Nope it’s totally in the press release too, not sure how I fumbled that. Thanks again though!
The bad thing is about a certain government leader trying to defund mRNA. That’ll affect cancer therapies as well as this.
Yeah the drugs companies don’t have the money to do the research, they unfortunately spent it all on uh.. let’s say ‘poor kids’?
He defunded mRNA vaccines for upper respiratory infections only, based on scientific analysis that showed that the approach has limited effectiveness and that the research efforts would be better spent on other methods for upper respiratory infections.
And the announcement specifically stated that other mRNA research was not cut, and that research into other mRNA treatments showed promise.
It was a nuanced decision.
And it wasn’t the leader, it was his appointed expert, who is a member of “your side” and was at one time a presidential candidate.
Note that this is a common technique for outrage cultivation: take something specific and nuanced, then generalize it so that it “sounds like a sweeping evil”.
I used to go to ground-level truth whenever I heard some outrageous claim like yours, and invariably (read: Every. Single. Time.) discovered that what actually happened was in reality quite reasonable.
This turned out to be true for claims made by both the left and the right.
Now I amuse myself by cataloguing various ways the news can report something as “directionally true”, but misleading so as to cause outrage.
Here’s an example from XKCD, and I see it all the time in the news. Various outlets round up or down, and outlets report on stories from other outlets, to the point where any scientific breakthrough is completely garbled when it gets to the public.

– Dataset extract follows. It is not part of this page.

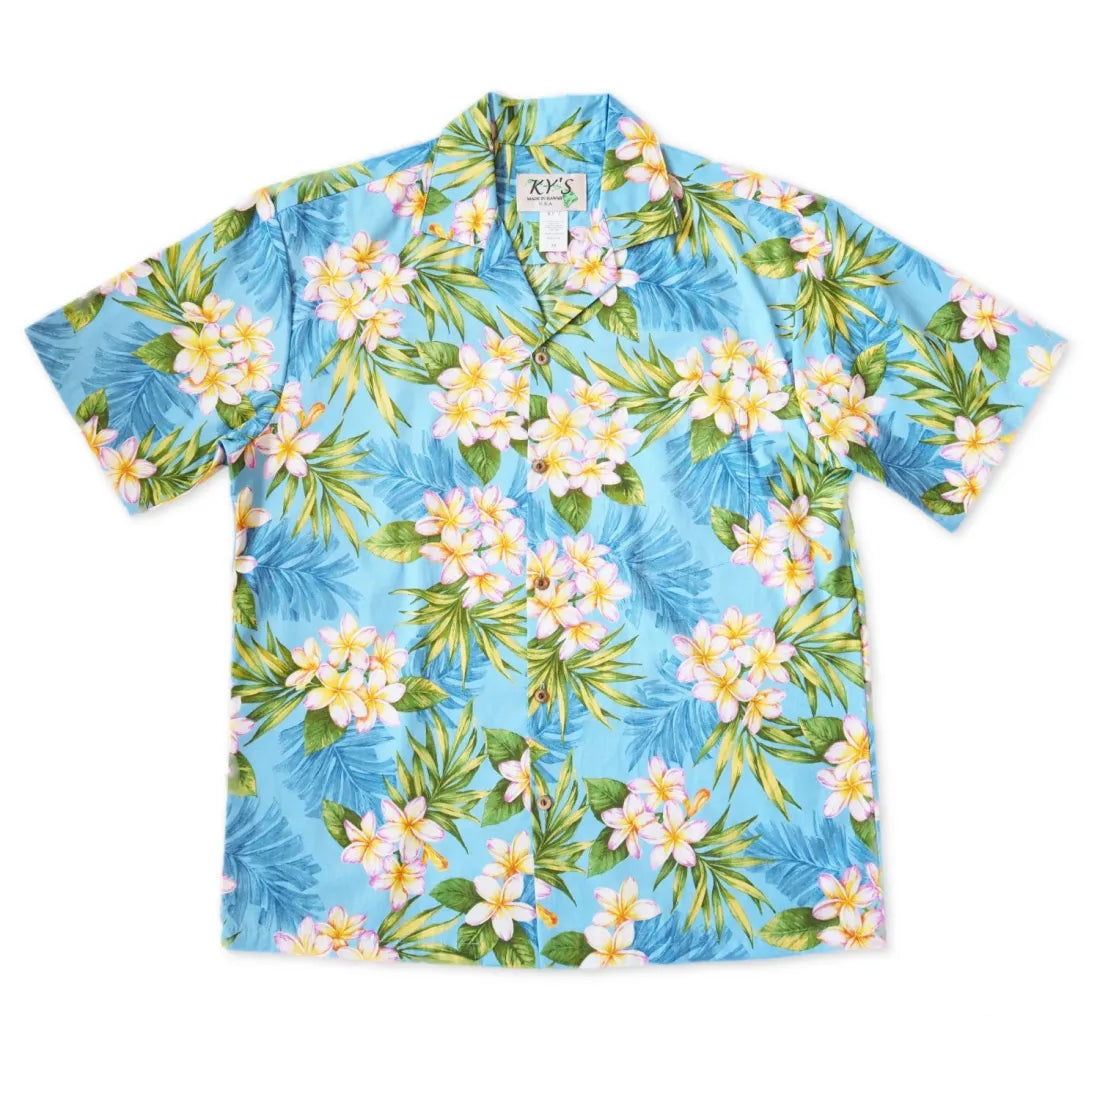 Gardens Blue Hawaiian Cotton Shirt - Made In Hawaii

https://www.explainxkcd.com/wiki/index.php/2585:_Rounding
Take the time to dive deeper. What you hear in the media is distorted and often wrong.
Ah yes, mRNA vaccines for upper respiratory infections, such as the famously ineffective COVID vaccines. I’m sure the crash in COVID infection rates following the vaccine rollout was a coincidence.

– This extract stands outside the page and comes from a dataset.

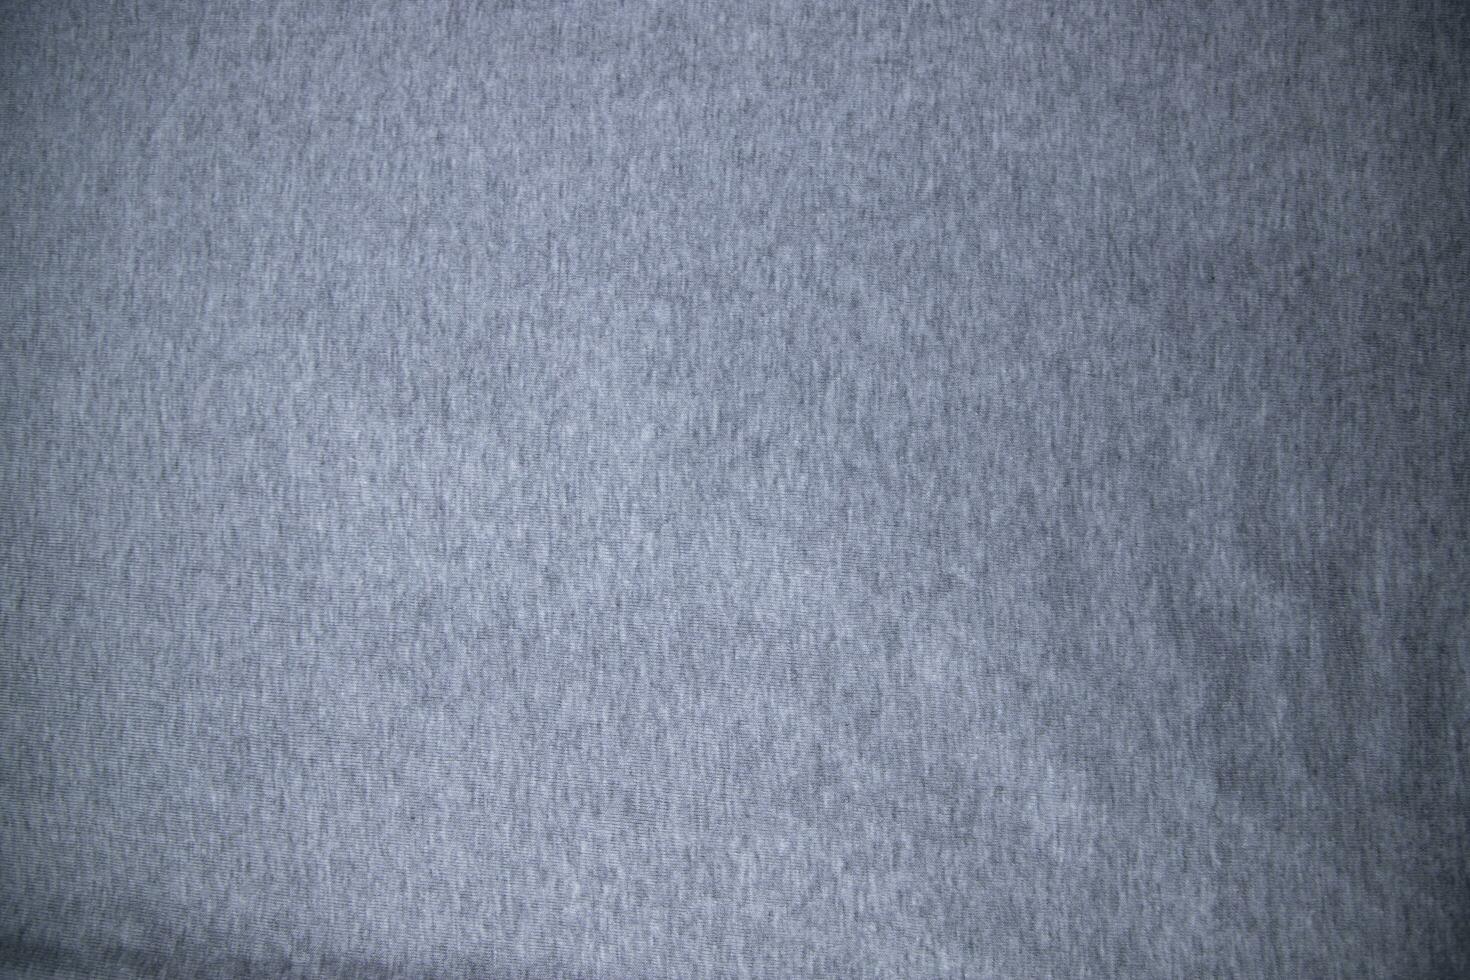 grigio melange tessuto superficie struttura sfondo sfondo foto

Try looking at the statistics again. Then factor in the people whose lives have been ruined by adverse reactions to the vaccines. Then figure in Pf and Mo pushing vaccines for youngsters for whom it does no good whatsoever. Finally, consider the worldwide censorship of those who pointed out problems with those mRNA vaccines, and identified conventional medicines effective against COVID.
What about the people whose lives have been ruined by becoming dead? The vaccine saved a huge number of people. That’s all you can hope for. Collateral damage is unavoidable, but beats dying.

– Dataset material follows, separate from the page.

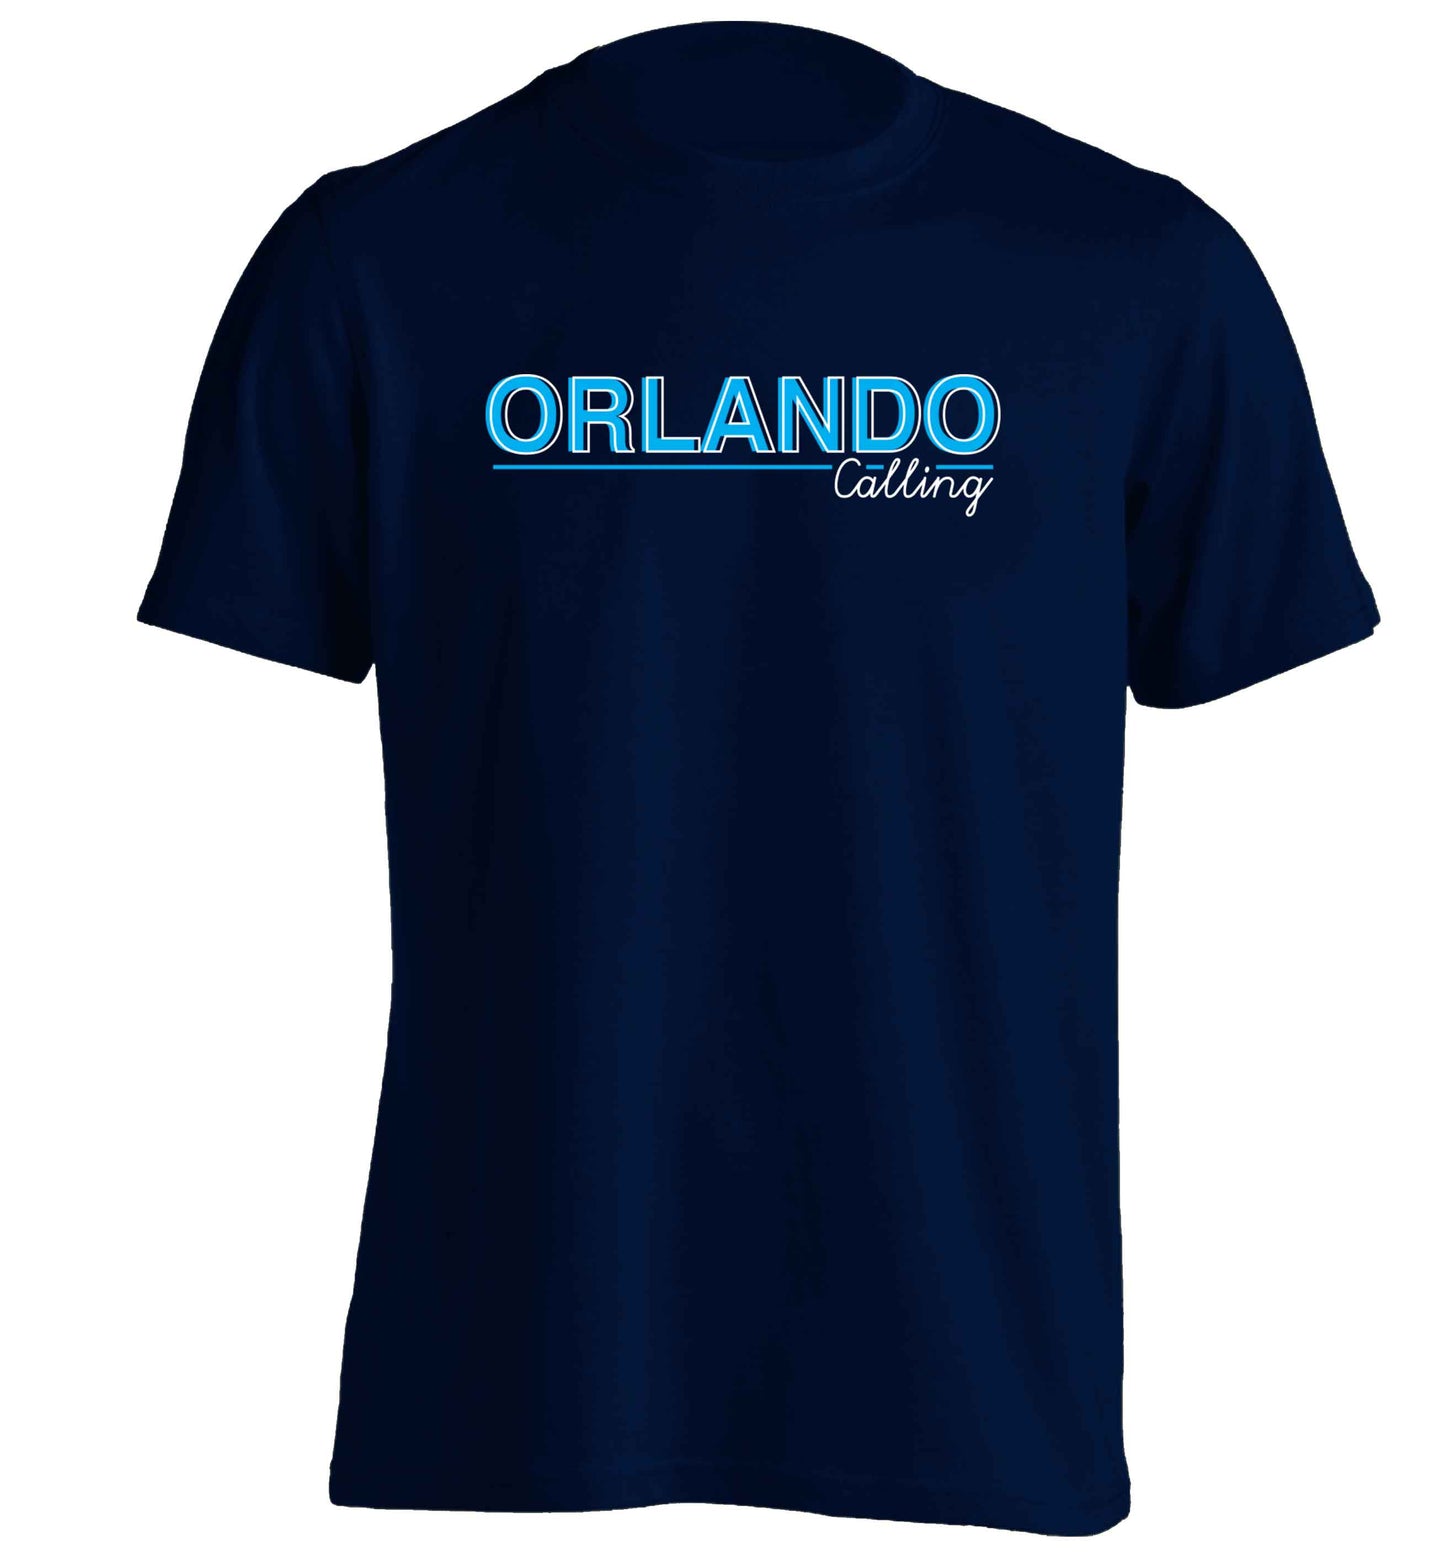 Orlando calling adults unisex navy Tshirt 2XL

If there’s one thing the pandemic taught us, it’s that some people would rather be dead than be exposed to a risk.
correlation is not causation, remember kiddo
https://xkcd.com/1756/
Doesn’t constant mild inflamation over the long term make one more likely to get cancer? I’m also wondering about joint pain.
I’d imagine this to be the kind of thing you’d use if you work at a hospital during the first weeks of the Great Horse Flu Pandemic of 2047. Not intended for long term use in the general population.
Oh great, the Seattle Slew Flu was supposed to be a surprise!
From the linked article: “Bogunovic’s therapy is designed to mimic what happens in people with ISG15 deficiency, but only for a short time.”
Seems like they’re on it.
IMHO, better patent it AND make sure it is available for free and CANNOT be locked behind corporate paywall, similarly how the original insulin patent was.
I would love to see that.
Anyone remember how that last pandemic started?
A worker in a Wuhan wet market picked up a zoonotic disease from a raccoon dog or a pangolin or a bat. When it started to spread like wildfire between humans, China’s government pretended nothing was wrong and tried to cover it up, wasting an opportunity for early containment and giving it a lengthy head start over medical experts, thus enabling it to become a global pandemic.
You actually believe that, or are you trolling?